Do I need to lodge a tax return in Australia?
- If you are not an Australian resident but are working or have worked in Australia (including those on working holiday visas) you are required to lodge an Income Tax return.
- As a non-resident you will pay tax differently from residents, such as not having to pay the Medicare levy but also not being liable for the tax free threshold.
- The Australian tax year ends on June 30 and you are required to lodge your tax return by October 31, unless you have requested an extension.
- If you become an Australian resident during the income year you will receive residency tax rates on a pro rata basis.
- If you are leaving Australia permanently before the tax year ends and are not earning any income in Australia, you can lodge an early tax return.
- To lodge an Income Tax return you will need a Tax File Number (TFN). This is a unique number issued to individuals that is used for ID and record keeping purposes and without one you will be at a serious disadvantage (see below).
Important! If you are opening an Australian bank account or will be earning money in this country you should get a Tax File Number (TFN) as soon as possible. Although it is not a compulsory requirement, without one your employer must take 47% of your wages in tax and you will be charged the same rate on any interest accrued in your bank accounts. Once you arrive in Australia, with a valid visa, you can apply online for a TFN.
For further information go to www.immi.gov.au
Tax Rates 2019-2020
What Is Superannuation and am I entitled to receive it?
Superannuation (or Super) is the retirement or pensions program in Australia. It is compulsory for most employers to pay super contributions to their employees who have a monthly wage over $450. The amount paid must be at least 9.5% of your ordinary earnings which became effective 1 July 2014. You can boost your super with your own contributions subject to maximum age-based limits which has tax advantages and there are government co-contributions available which can encourage you to save. The money set aside is invested by your Super fund in stocks, shares, property and other considered investments and can be accessed at 60 years old or when you retire at 55 years old.

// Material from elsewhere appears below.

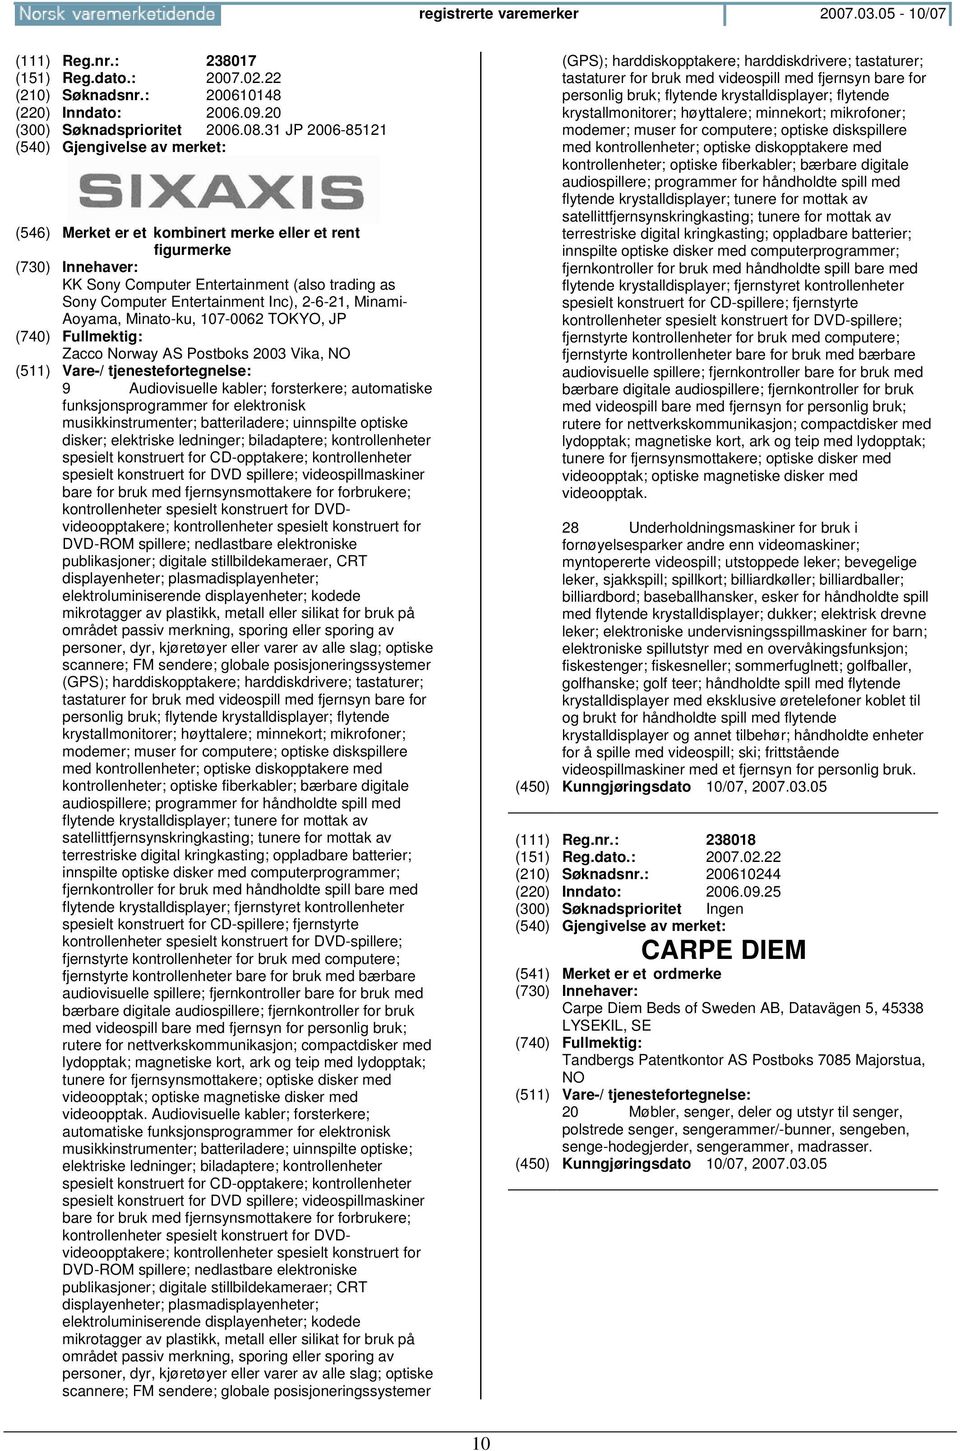 107-0062 TOKYO, JP Zacco Norway AS Postboks 2003 Vika, NO 9 Audiovisuelle kabler; forsterkere; automatiske funksjonsprogrammer for elektronisk musikkinstrumenter; batteriladere; uinnspilte optiske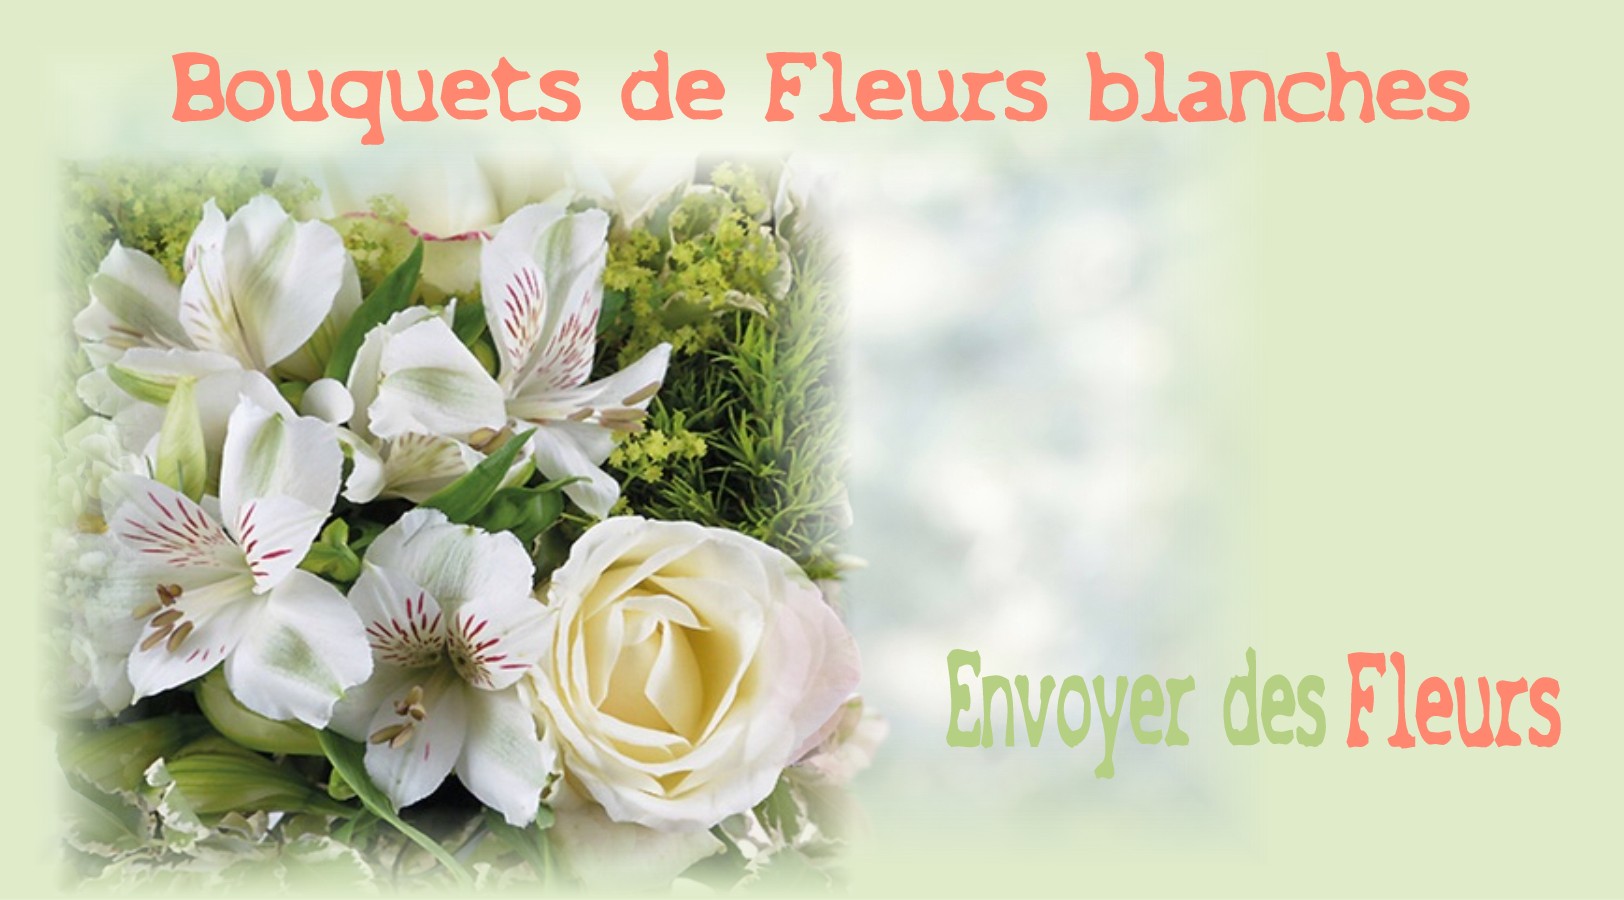 BOUQUETS DE FLEURS BLANCHES

Temporary residents who receive super whilst working in Australia can receive their benefits when they leave – this is called a Departing Australia Superannuation Payment (DASP).
What is Fringe Benefits Tax?
Fringe benefits tax (FBT) is paid on certain benefits employers provide to their employees or their employees' associates in place of salary or wages.
For more information go to https://www.business.gov.au/finance/taxation/fringe-benefits-tax
Tax & Australian Business Owners
- Most Companies are required to pay a flat rate of 30% tax with some concessions available for small businesses that generate less than 2 million dollars annually.
- If you operate as a sole trader you can use your personal Tax File Number (TFN) for tax and accounting purposes. Partnerships, companies and trusts must also apply for a business Tax File Number (TFN).
- An Australian Business Number (ABN) is recommended for most businesses and is a legal requirement for some. If you choose not to have an ABN other businesses can withhold 47% of payments to you.
- If you are paying employees or directors you must be registered for PAYG (pay-as-you-go) and withhold tax from payments you make to them If you provide additional non-cash benefits, such as a company car, you may be required to pay FBT (fringe benefits tax).
- If you are paying employees over $450 per month you may be required to pay compulsory super contributions. Super is the Australian pensions or retirement program.
- Books and records must be preserved for a period of 5 years for tax purposes.